Effects of Patterned Sound Deprivation on Short- and Long-Term Plasticity in the Rat Thalamocortical Auditory System In Vivo

1Department of Psychology, Queen’s University, Kingston, ON, Canada K7L 3N6
2Center for Neuroscience Studies, Queen’s University, Kingston, ON, Canada K7L 3N6

Received 6 August 2015; Revised 28 October 2015; Accepted 29 October 2015

Academic Editor: Clive R. Bramham

Copyright © 2016 Chloe N. Soutar et al. This is an open access article distributed under the Creative Commons Attribution License, which permits unrestricted use, distribution, and reproduction in any medium, provided the original work is properly cited.


Postnatal sensory experience plays a significant role in the maturation and synaptic stabilization of sensory cortices, such as the primary auditory cortex (A1). Here, we examined the effects of patterned sound deprivation (by rearing in continuous white noise, WN) during early postnatal life on short- and long-term plasticity of adult male rats using an in vivo preparation (urethane anesthesia).
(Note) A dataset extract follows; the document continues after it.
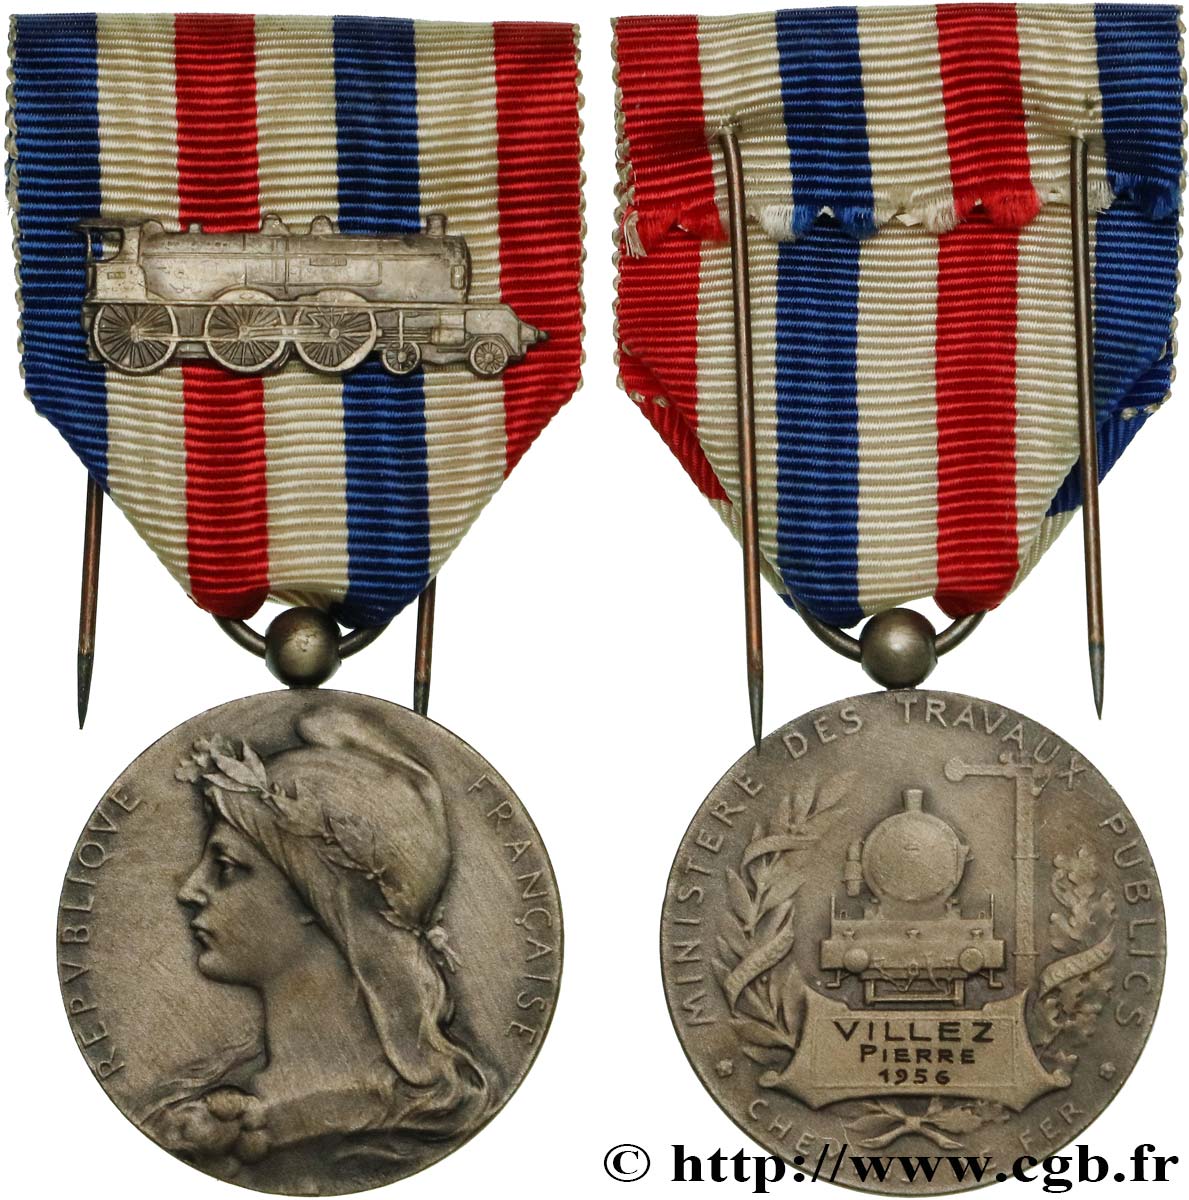 VIERTE FRANZOSISCHE REPUBLIK Médaille des Chemins de Fer, Ministère des travaux publics SS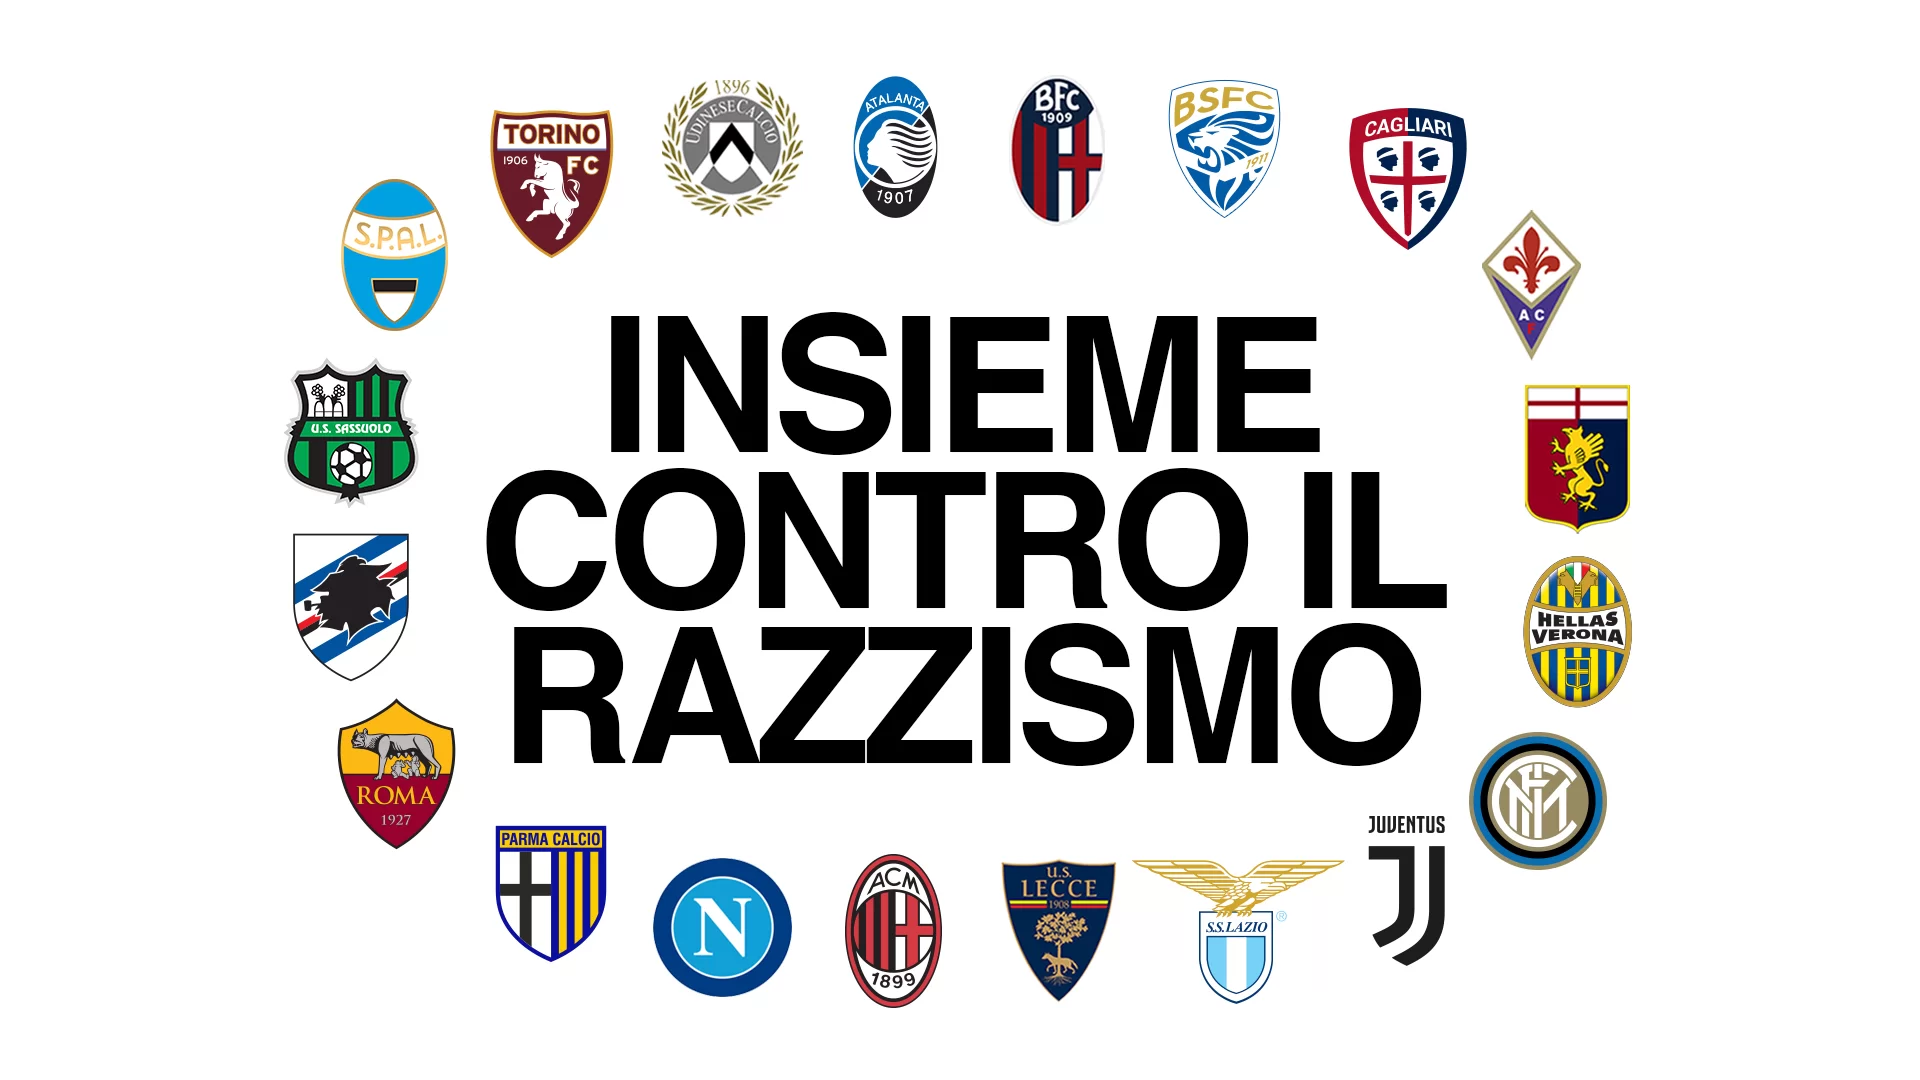 Lettera aperta contro il razzismo: anche la Juventus tra i club firmatari

Relative to age-matched control animals reared under unaltered sound conditions, rats raised in WN (from postnatal day 5 to 50–60) showed greater levels of long-term potentiation (LTP) of field potentials in A1 induced by theta-burst stimulation (TBS) of the medial geniculate nucleus (MGN). In contrast, analyses of short-term plasticity using paired-pulse stimulation (interstimulus intervals of 25–1000 ms) did not reveal any significant effects of WN rearing. However, LTP induction resulted in a significant enhancement of paired-pulse depression (PPD) for both rearing conditions. We conclude that patterned sound deprivation during early postnatal life results in the maintenance of heightened, juvenile-like long-term plasticity (LTP) into adulthood. Further, the enhanced PPD following LTP induction provides novel evidence that presynaptic mechanisms contribute to thalamocortical LTP in A1 under in vivo conditions.